- [Work to be completed]: Repeat every record below exactly as it appears.
Supplied entries: Begin
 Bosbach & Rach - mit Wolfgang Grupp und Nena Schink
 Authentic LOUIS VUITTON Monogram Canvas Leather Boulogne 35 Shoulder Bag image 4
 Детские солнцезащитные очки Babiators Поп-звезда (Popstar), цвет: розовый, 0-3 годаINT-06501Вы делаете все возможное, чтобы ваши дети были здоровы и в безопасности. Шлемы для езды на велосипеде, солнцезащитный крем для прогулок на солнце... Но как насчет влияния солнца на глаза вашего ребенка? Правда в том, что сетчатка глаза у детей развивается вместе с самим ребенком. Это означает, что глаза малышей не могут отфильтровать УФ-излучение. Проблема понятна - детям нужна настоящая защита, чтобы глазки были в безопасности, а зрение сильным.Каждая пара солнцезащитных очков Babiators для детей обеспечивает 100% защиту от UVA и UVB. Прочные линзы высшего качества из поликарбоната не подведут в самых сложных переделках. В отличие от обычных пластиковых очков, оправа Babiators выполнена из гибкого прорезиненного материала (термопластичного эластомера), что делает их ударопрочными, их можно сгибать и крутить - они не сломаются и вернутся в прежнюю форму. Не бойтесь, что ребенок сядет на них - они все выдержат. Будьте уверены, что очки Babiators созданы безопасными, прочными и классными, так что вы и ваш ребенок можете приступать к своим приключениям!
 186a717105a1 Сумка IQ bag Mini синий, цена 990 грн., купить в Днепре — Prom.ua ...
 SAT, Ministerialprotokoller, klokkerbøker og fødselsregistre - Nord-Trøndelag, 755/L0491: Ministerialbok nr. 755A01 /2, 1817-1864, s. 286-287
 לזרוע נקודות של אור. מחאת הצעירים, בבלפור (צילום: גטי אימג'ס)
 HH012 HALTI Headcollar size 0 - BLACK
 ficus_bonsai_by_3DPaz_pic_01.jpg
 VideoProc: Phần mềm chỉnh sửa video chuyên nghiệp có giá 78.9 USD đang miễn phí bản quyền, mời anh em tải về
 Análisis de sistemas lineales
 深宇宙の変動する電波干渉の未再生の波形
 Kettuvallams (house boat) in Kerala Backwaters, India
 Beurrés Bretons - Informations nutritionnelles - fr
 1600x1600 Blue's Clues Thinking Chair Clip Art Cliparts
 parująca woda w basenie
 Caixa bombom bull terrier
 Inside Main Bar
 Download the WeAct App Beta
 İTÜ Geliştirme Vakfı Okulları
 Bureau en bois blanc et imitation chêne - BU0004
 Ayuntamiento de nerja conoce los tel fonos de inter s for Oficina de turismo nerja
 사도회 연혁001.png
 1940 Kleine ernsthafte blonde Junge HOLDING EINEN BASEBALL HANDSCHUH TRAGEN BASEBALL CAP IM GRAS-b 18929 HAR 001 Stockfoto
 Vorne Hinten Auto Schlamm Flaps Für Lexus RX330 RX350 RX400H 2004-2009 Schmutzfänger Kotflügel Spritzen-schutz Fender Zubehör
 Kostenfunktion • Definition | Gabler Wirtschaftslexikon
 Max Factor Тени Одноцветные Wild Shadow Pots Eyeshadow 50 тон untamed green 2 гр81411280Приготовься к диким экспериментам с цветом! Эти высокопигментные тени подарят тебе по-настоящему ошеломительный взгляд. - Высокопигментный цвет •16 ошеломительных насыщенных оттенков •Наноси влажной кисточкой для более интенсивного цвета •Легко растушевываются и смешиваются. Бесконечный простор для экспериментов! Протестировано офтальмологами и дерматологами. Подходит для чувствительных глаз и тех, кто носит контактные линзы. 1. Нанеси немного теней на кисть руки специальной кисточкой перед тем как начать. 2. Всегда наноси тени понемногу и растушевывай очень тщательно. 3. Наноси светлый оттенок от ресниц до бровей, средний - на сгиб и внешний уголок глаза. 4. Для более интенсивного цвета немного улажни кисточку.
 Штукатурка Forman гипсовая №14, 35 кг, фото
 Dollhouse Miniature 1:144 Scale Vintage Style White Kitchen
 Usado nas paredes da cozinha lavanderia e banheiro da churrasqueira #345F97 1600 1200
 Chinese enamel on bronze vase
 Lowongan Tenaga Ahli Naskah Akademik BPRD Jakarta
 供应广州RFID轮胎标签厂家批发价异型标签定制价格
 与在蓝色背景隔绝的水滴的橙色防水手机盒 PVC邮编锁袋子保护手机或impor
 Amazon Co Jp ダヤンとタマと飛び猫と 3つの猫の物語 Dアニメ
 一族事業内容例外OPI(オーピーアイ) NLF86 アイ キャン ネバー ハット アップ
Supplied entries: End
- [Output below]:
 Bosbach & Rach - mit Wolfgang Grupp und Nena Schink
 Authentic LOUIS VUITTON Monogram Canvas Leather Boulogne 35 Shoulder Bag image 4
 Детские солнцезащитные очки Babiators Поп-звезда (Popstar), цвет: розовый, 0-3 годаINT-06501Вы делаете все возможное, чтобы ваши дети были здоровы и в безопасности. Шлемы для езды на велосипеде, солнцезащитный крем для прогулок на солнце... Но как насчет влияния солнца на глаза вашего ребенка? Правда в том, что сетчатка глаза у детей развивается вместе с самим ребенком. Это означает, что глаза малышей не могут отфильтровать УФ-излучение. Проблема понятна - детям нужна настоящая защита, чтобы глазки были в безопасности, а зрение сильным.Каждая пара солнцезащитных очков Babiators для детей обеспечивает 100% защиту от UVA и UVB. Прочные линзы высшего качества из поликарбоната не подведут в самых сложных переделках. В отличие от обычных пластиковых очков, оправа Babiators выполнена из гибкого прорезиненного материала (термопластичного эластомера), что делает их ударопрочными, их можно сгибать и крутить - они не сломаются и вернутся в прежнюю форму. Не бойтесь, что ребенок сядет на них - они все выдержат. Будьте уверены, что очки Babiators созданы безопасными, прочными и классными, так что вы и ваш ребенок можете приступать к своим приключениям!
 186a717105a1 Сумка IQ bag Mini синий, цена 990 грн., купить в Днепре — Prom.ua ...
 SAT, Ministerialprotokoller, klokkerbøker og fødselsregistre - Nord-Trøndelag, 755/L0491: Ministerialbok nr. 755A01 /2, 1817-1864, s. 286-287
 לזרוע נקודות של אור. מחאת הצעירים, בבלפור (צילום: גטי אימג'ס)
 HH012 HALTI Headcollar size 0 - BLACK
 ficus_bonsai_by_3DPaz_pic_01.jpg
 VideoProc: Phần mềm chỉnh sửa video chuyên nghiệp có giá 78.9 USD đang miễn phí bản quyền, mời anh em tải về
 Análisis de sistemas lineales
 深宇宙の変動する電波干渉の未再生の波形
 Kettuvallams (house boat) in Kerala Backwaters, India
 Beurrés Bretons - Informations nutritionnelles - fr
 1600x1600 Blue's Clues Thinking Chair Clip Art Cliparts
 parująca woda w basenie
 Caixa bombom bull terrier
 Inside Main Bar
 Download the WeAct App Beta
 İTÜ Geliştirme Vakfı Okulları
 Bureau en bois blanc et imitation chêne - BU0004
 Ayuntamiento de nerja conoce los tel fonos de inter s for Oficina de turismo nerja
 사도회 연혁001.png
 1940 Kleine ernsthafte blonde Junge HOLDING EINEN BASEBALL HANDSCHUH TRAGEN BASEBALL CAP IM GRAS-b 18929 HAR 001 Stockfoto
 Vorne Hinten Auto Schlamm Flaps Für Lexus RX330 RX350 RX400H 2004-2009 Schmutzfänger Kotflügel Spritzen-schutz Fender Zubehör
 Kostenfunktion • Definition | Gabler Wirtschaftslexikon
 Max Factor Тени Одноцветные Wild Shadow Pots Eyeshadow 50 тон untamed green 2 гр81411280Приготовься к диким экспериментам с цветом! Эти высокопигментные тени подарят тебе по-настоящему ошеломительный взгляд. - Высокопигментный цвет •16 ошеломительных насыщенных оттенков •Наноси влажной кисточкой для более интенсивного цвета •Легко растушевываются и смешиваются. Бесконечный простор для экспериментов! Протестировано офтальмологами и дерматологами. Подходит для чувствительных глаз и тех, кто носит контактные линзы. 1. Нанеси немного теней на кисть руки специальной кисточкой перед тем как начать. 2. Всегда наноси тени понемногу и растушевывай очень тщательно. 3. Наноси светлый оттенок от ресниц до бровей, средний - на сгиб и внешний уголок глаза. 4. Для более интенсивного цвета немного улажни кисточку.
 Штукатурка Forman гипсовая №14, 35 кг, фото
 Dollhouse Miniature 1:144 Scale Vintage Style White Kitchen
 Usado nas paredes da cozinha lavanderia e banheiro da churrasqueira #345F97 1600 1200
 Chinese enamel on bronze vase
 Lowongan Tenaga Ahli Naskah Akademik BPRD Jakarta
 供应广州RFID轮胎标签厂家批发价异型标签定制价格
 与在蓝色背景隔绝的水滴的橙色防水手机盒 PVC邮编锁袋子保护手机或impor
 Amazon Co Jp ダヤンとタマと飛び猫と 3つの猫の物語 Dアニメ
 一族事業内容例外OPI(オーピーアイ) NLF86 アイ キャン ネバー ハット アップ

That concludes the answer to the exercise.